- PROBLEM TO SOLVE
Find the line with "Pagina piena annuncio" in the records below. Output exactly from there until after the line with "Overhead shot of", without pictures.

- DATA SUPPLIED
# # # # # # #

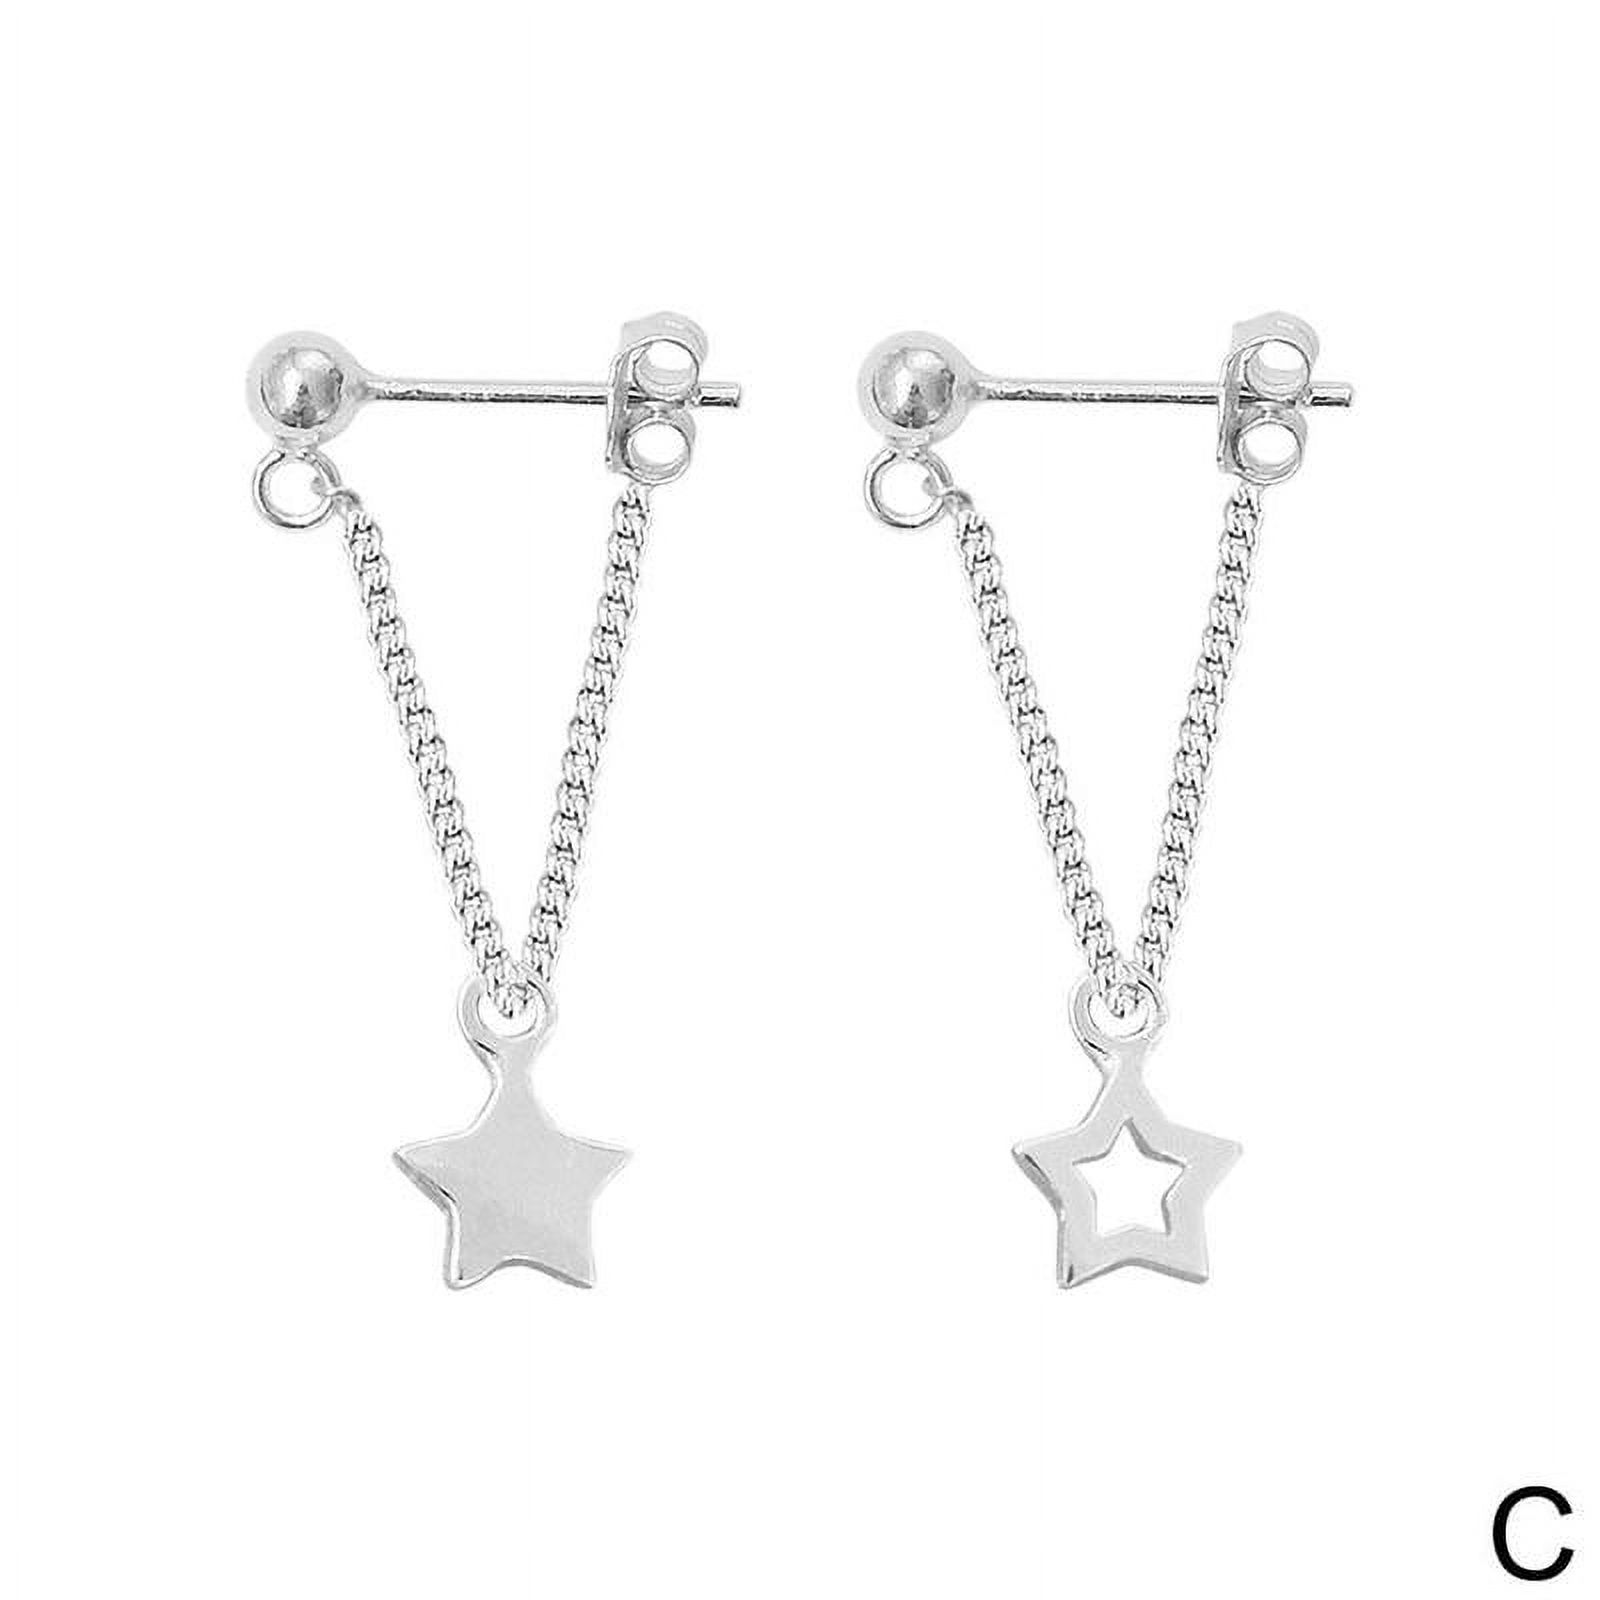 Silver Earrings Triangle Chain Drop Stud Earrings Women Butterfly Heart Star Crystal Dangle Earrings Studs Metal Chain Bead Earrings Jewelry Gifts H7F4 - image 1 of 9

# # # # # # #

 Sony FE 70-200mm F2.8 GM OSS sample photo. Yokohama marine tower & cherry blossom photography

# # # # # # #

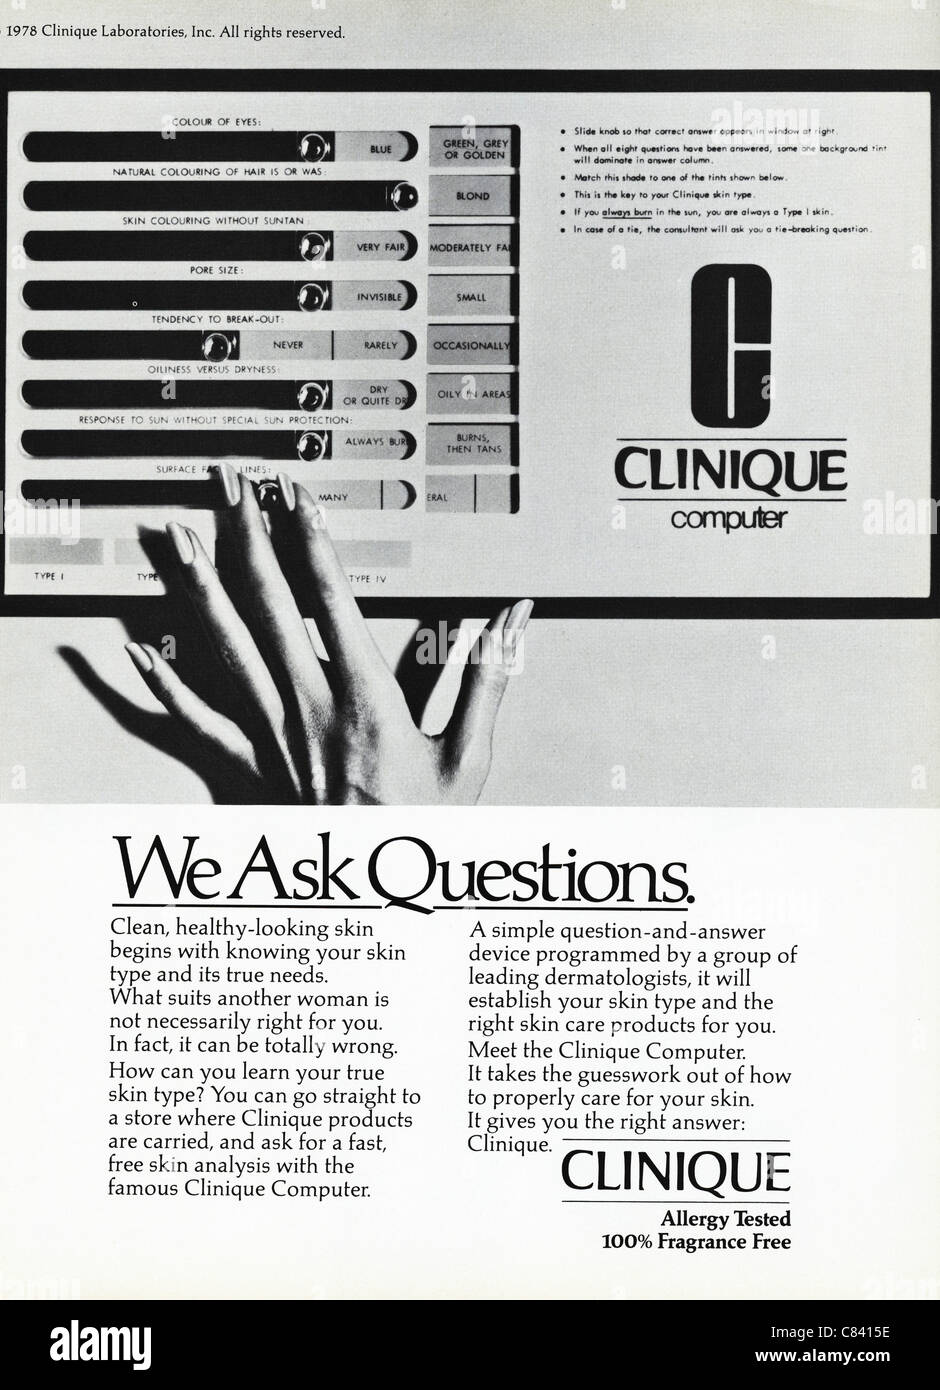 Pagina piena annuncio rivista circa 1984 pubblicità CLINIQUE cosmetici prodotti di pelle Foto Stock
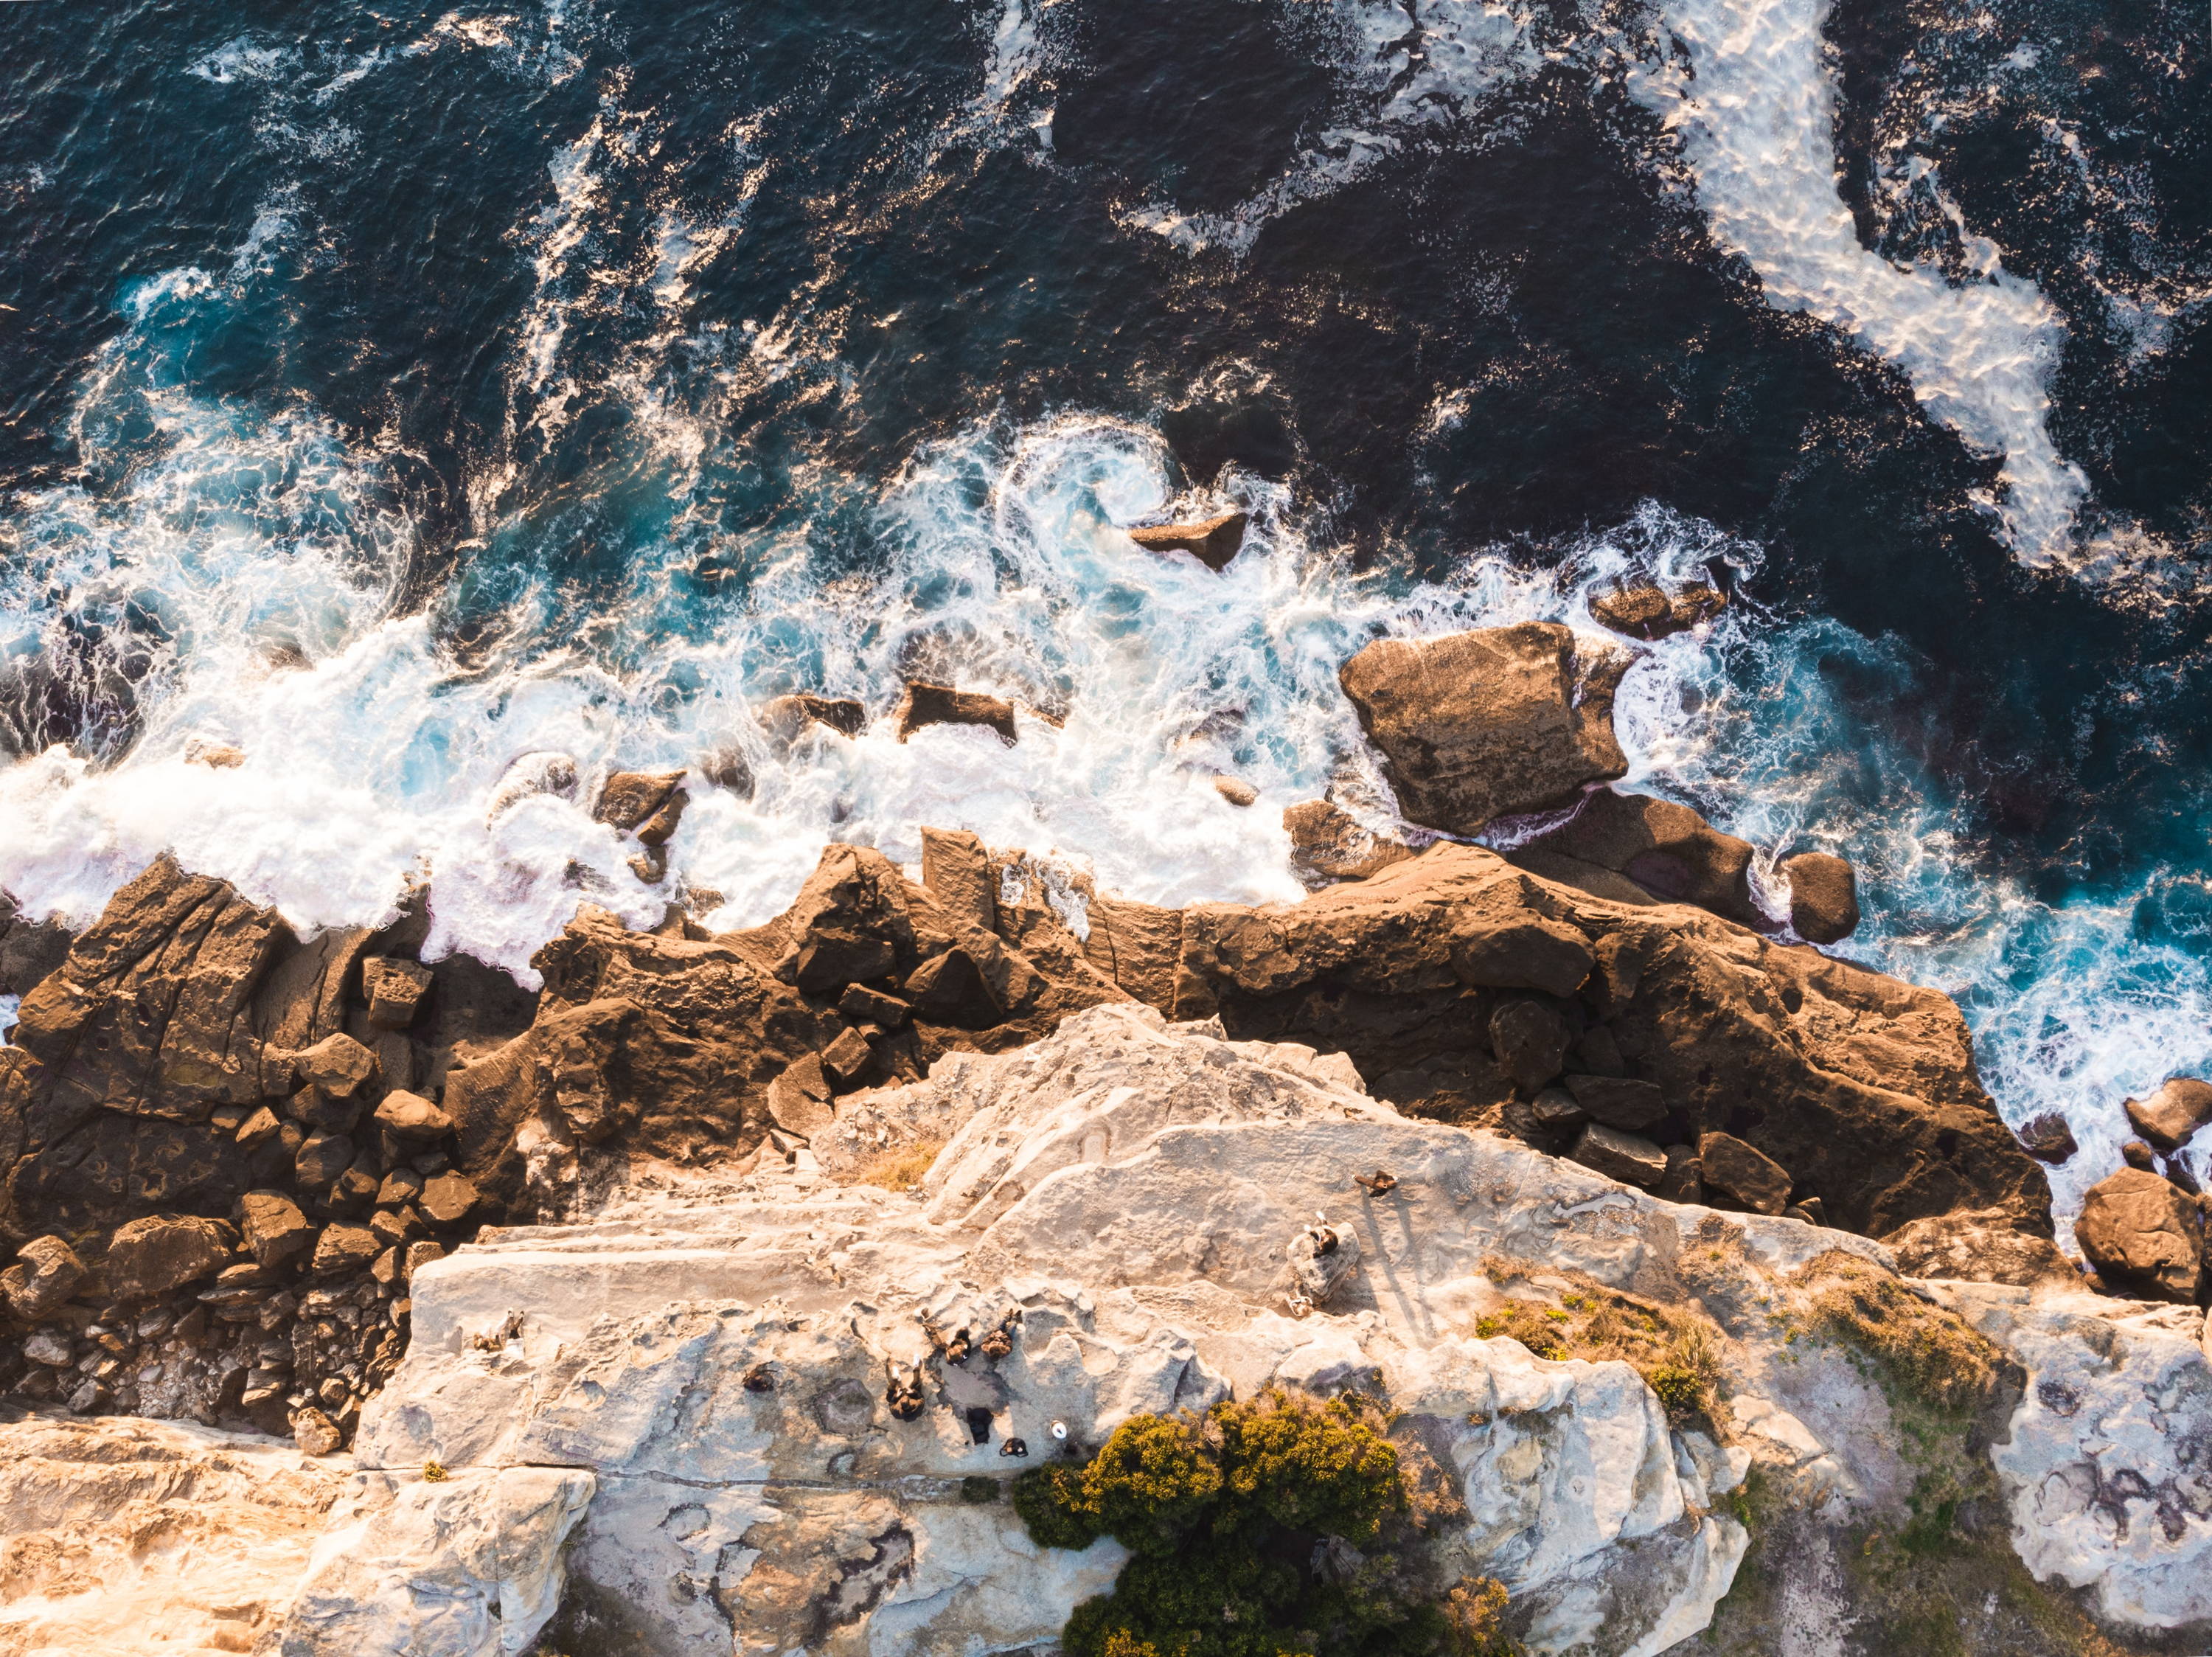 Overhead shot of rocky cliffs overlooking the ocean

# # # # # # #

- WRITTEN SOLUTION
 Pagina piena annuncio rivista circa 1984 pubblicità CLINIQUE cosmetici prodotti di pelle Foto Stock
 Overhead shot of rocky cliffs overlooking the ocean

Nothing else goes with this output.